Exercise goal
Print only the lines running from the line with "Boo Monsters Inc" to the final line below, both included, exactly as written and without the pictures.
┌─ Dataset section
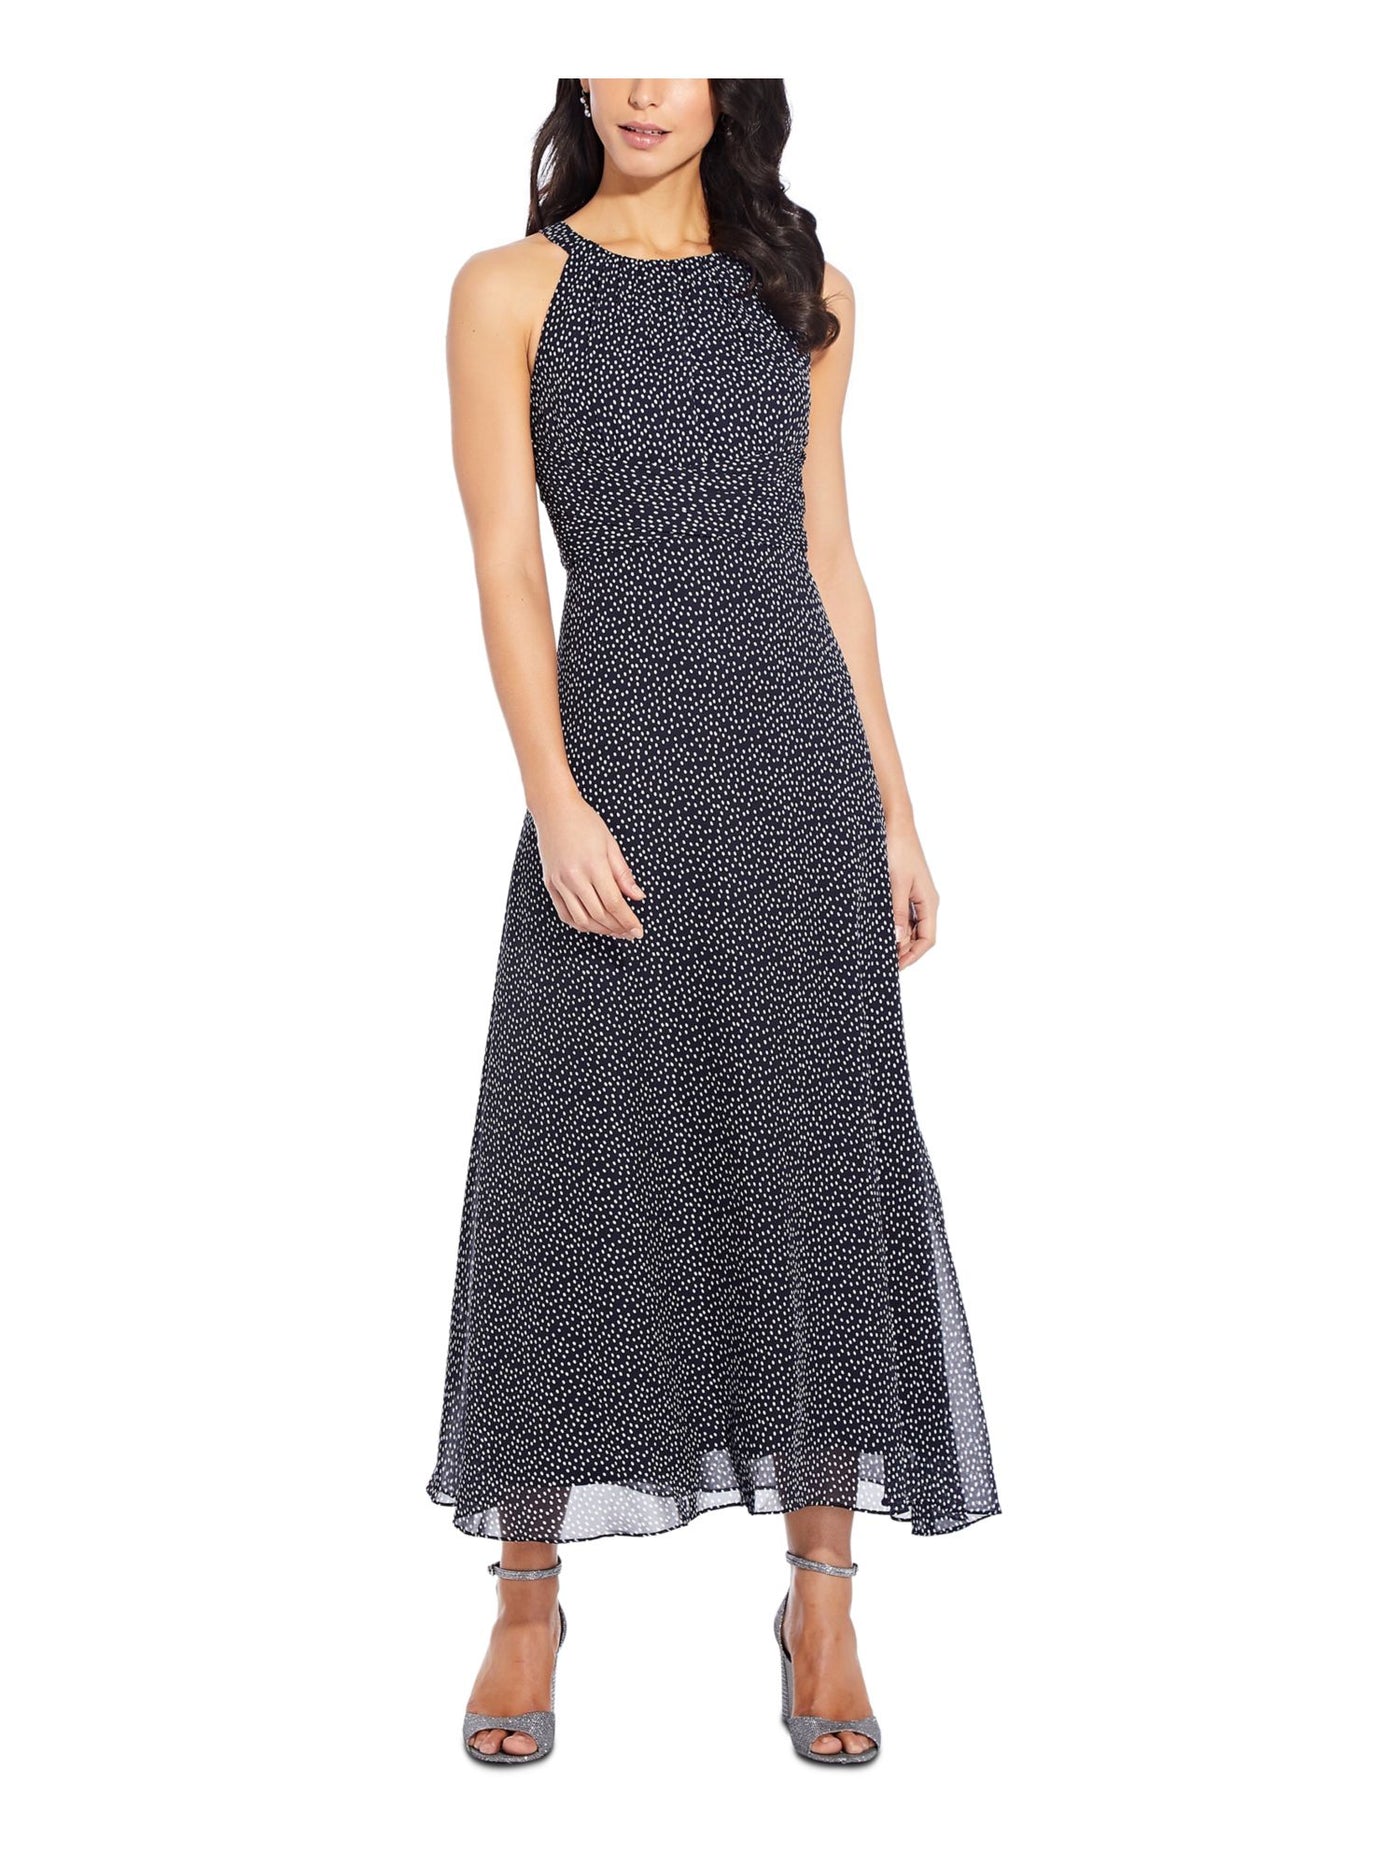 ADRIANNA PAPELL Womens Navy Belted Pleated Lined Polka Dot Sleeveless Halter Midi Evening Fit + Flare Dress Petites 16P
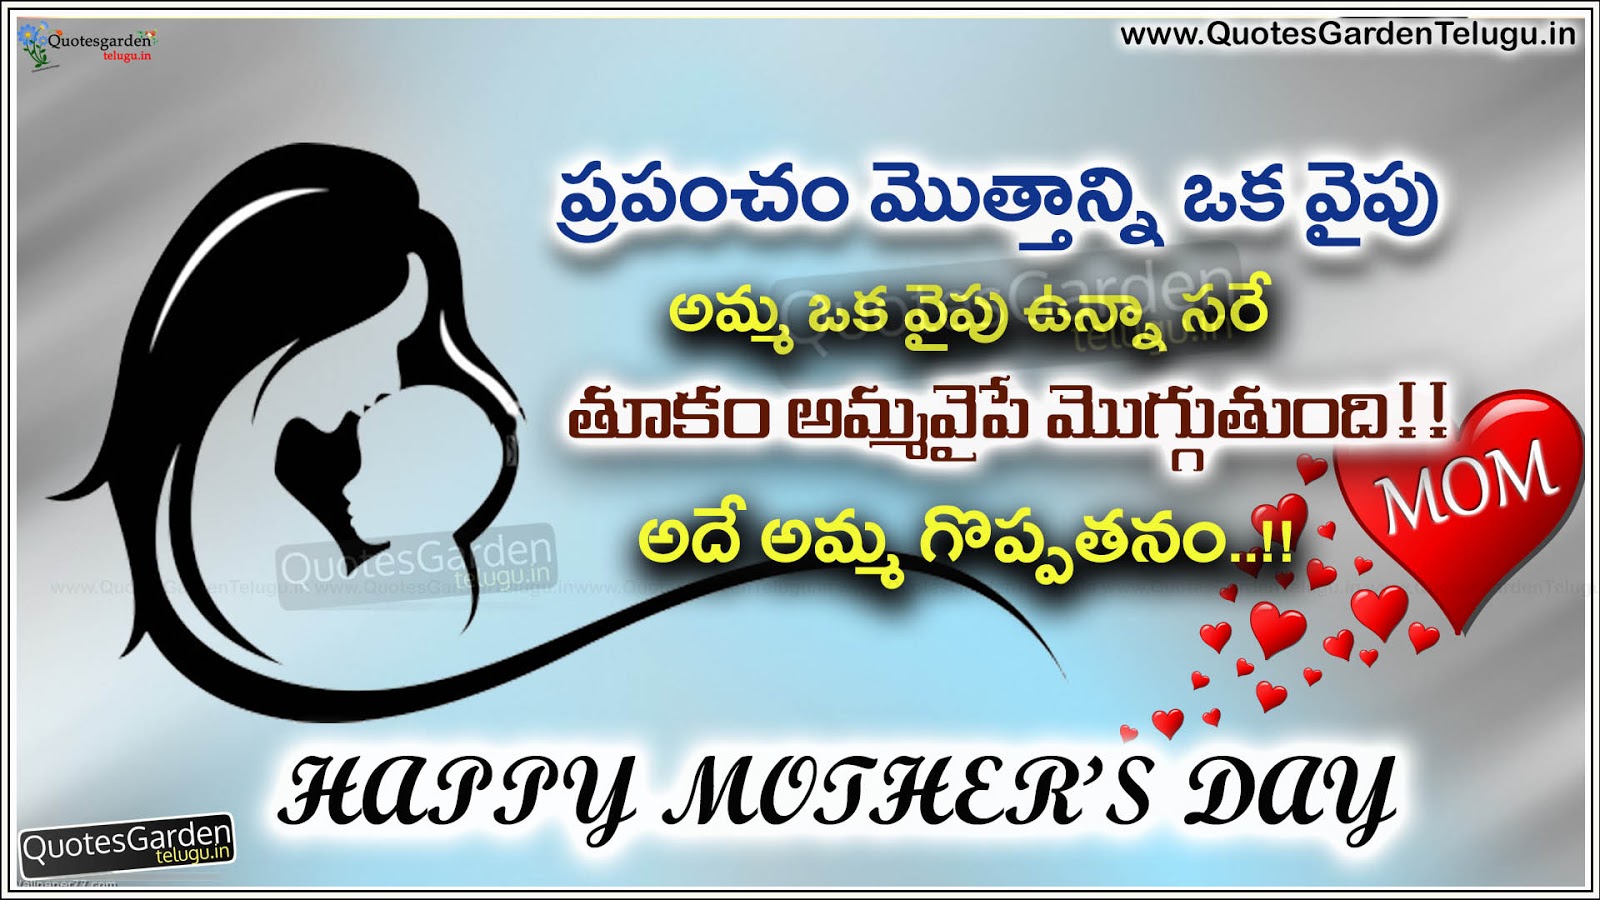 Happy mothers Day wishes Greetings quotes messages in telugu | QUOTES  GARDEN TELUGU | Telugu Quotes | English Quotes | Hindi Quotes |
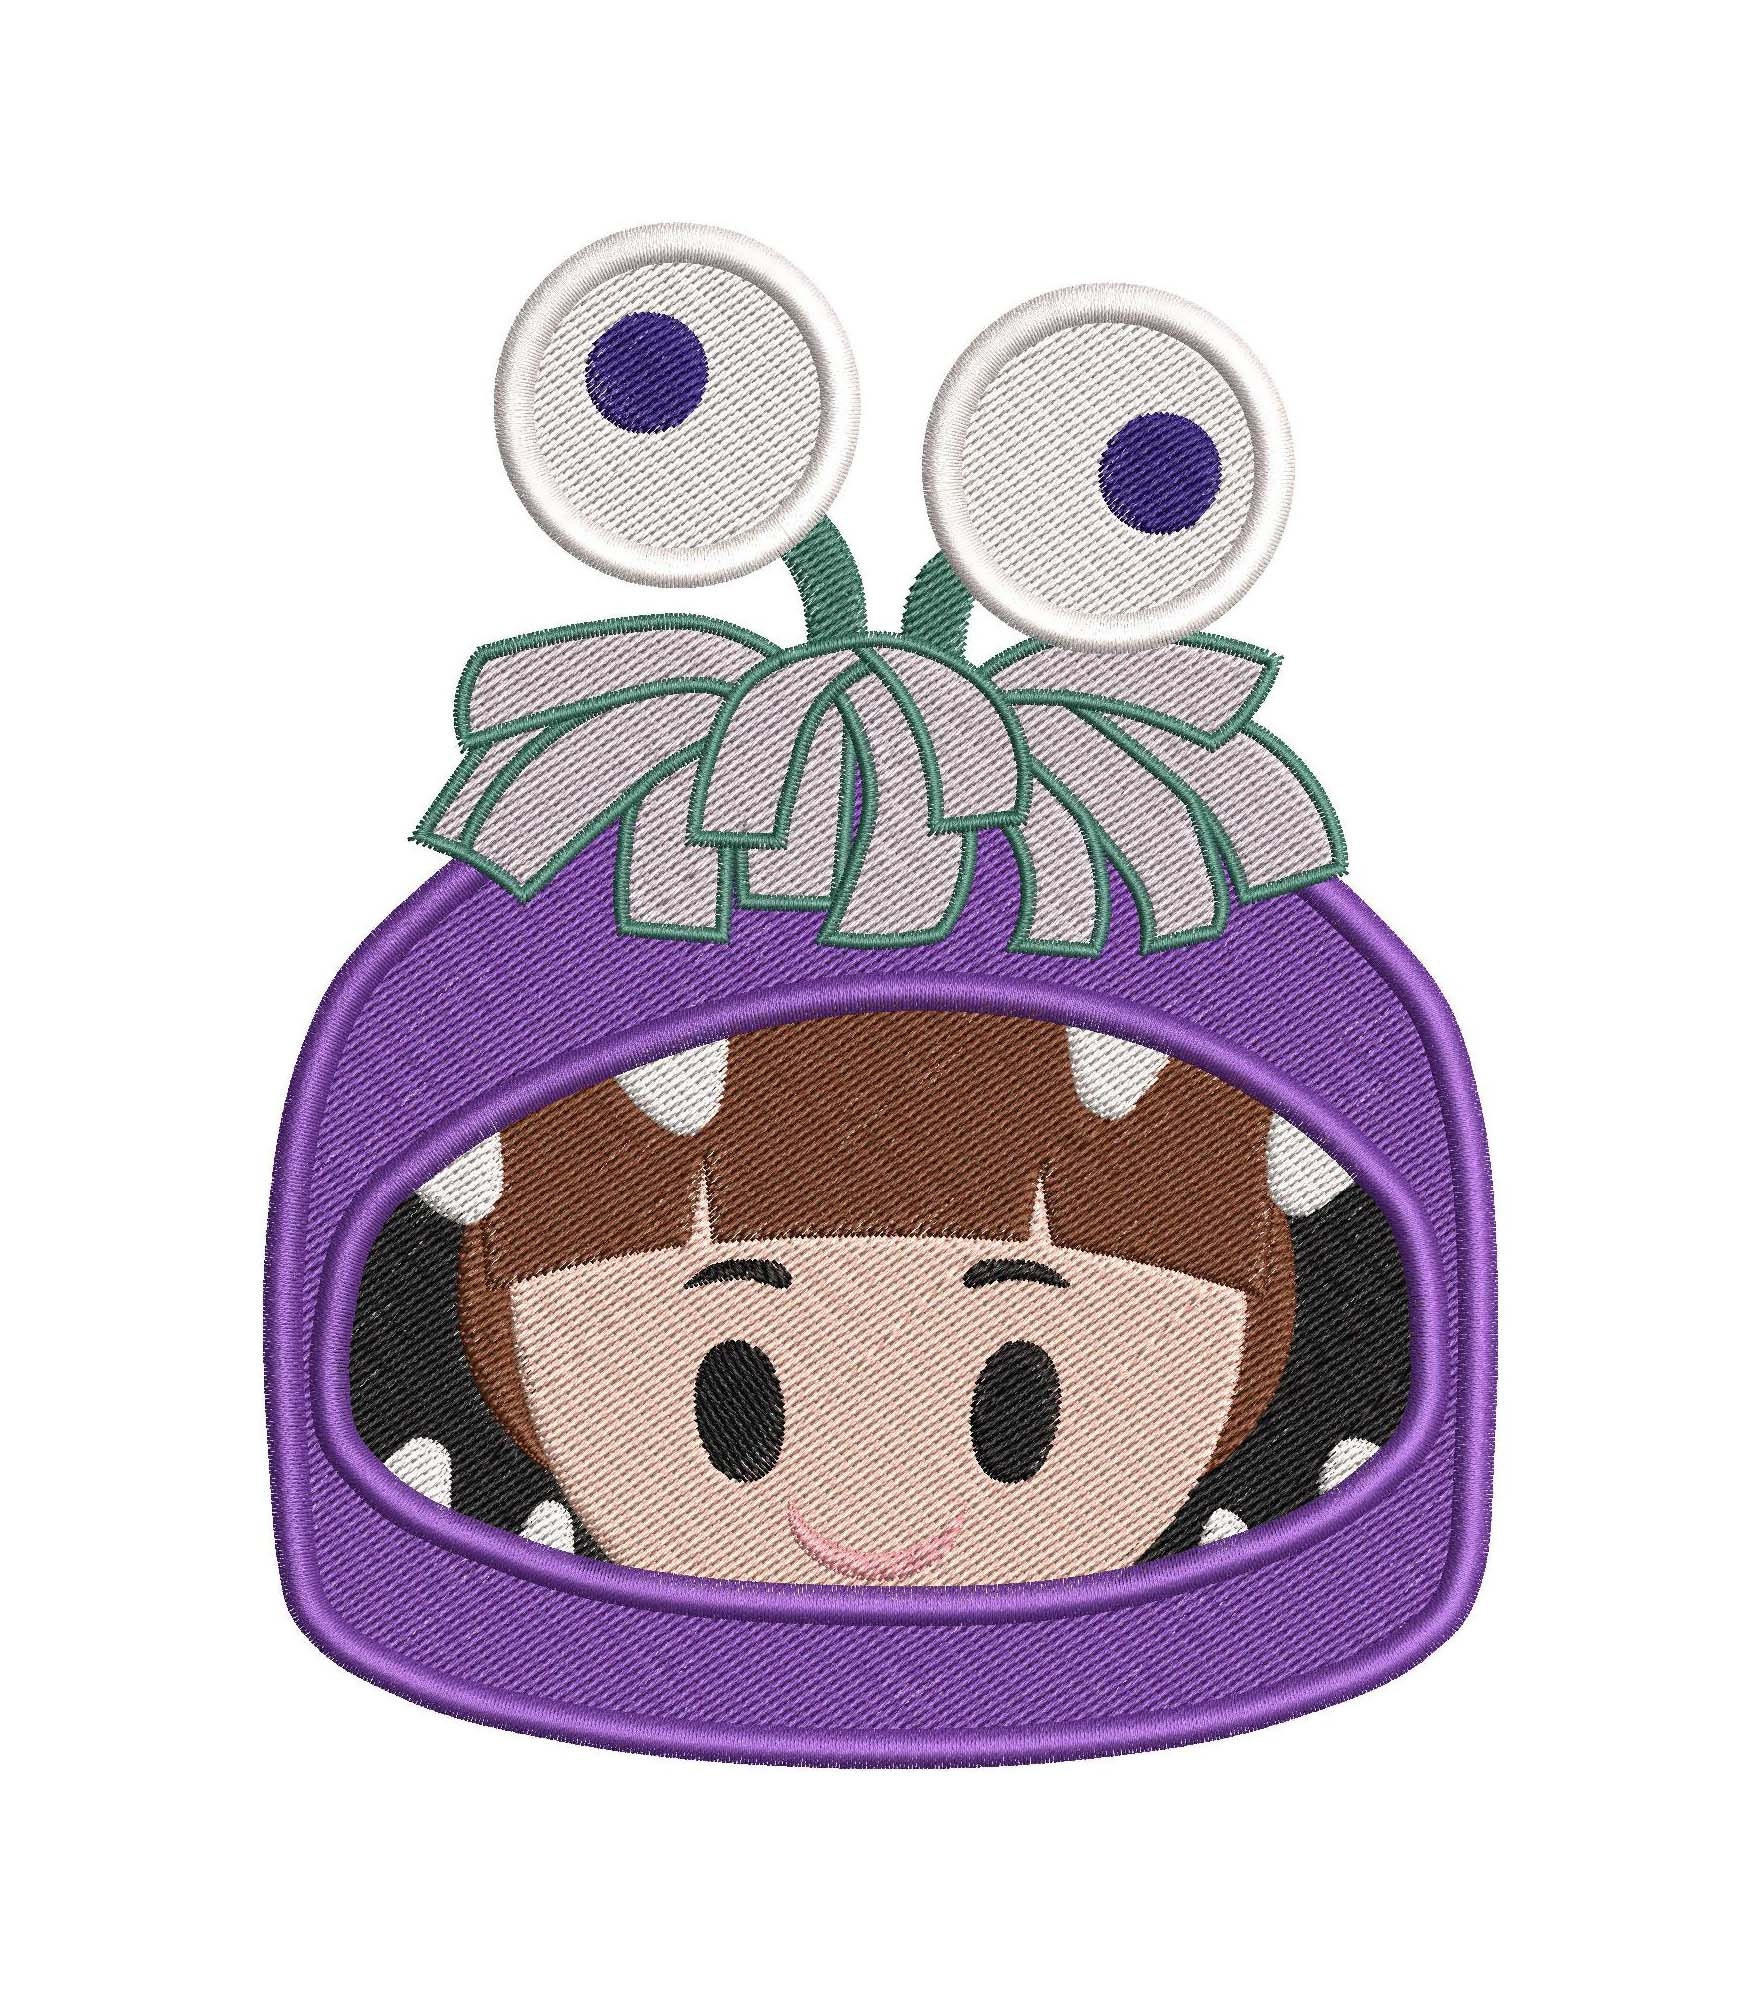 Boo Monsters Inc Emoji Fill Embroidery Design Instant - Etsy Hong Kong
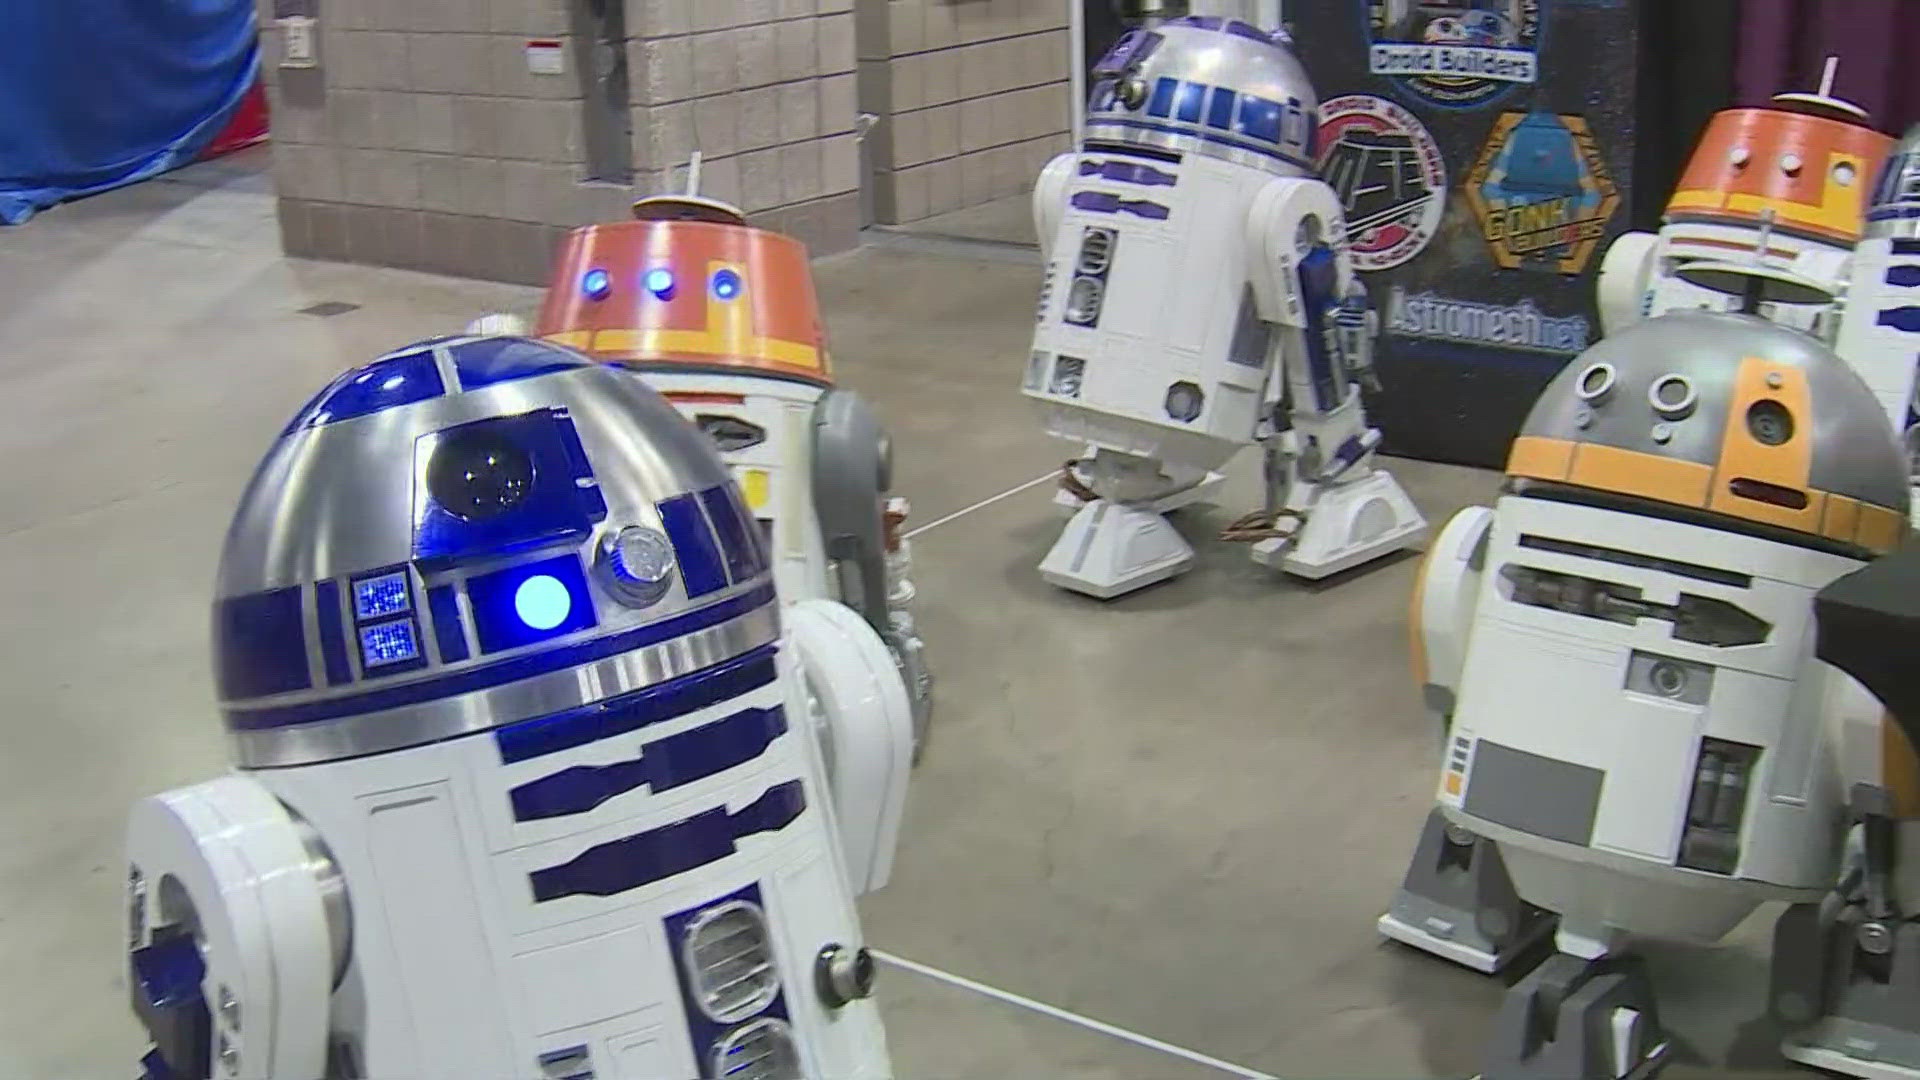 Fans can see some of their favorite characters at the Colorado Convention Center through Sunday, July 7.
└─
Task answer
 Boo Monsters Inc Emoji Fill Embroidery Design Instant - Etsy Hong Kong
 Fans can see some of their favorite characters at the Colorado Convention Center through Sunday, July 7.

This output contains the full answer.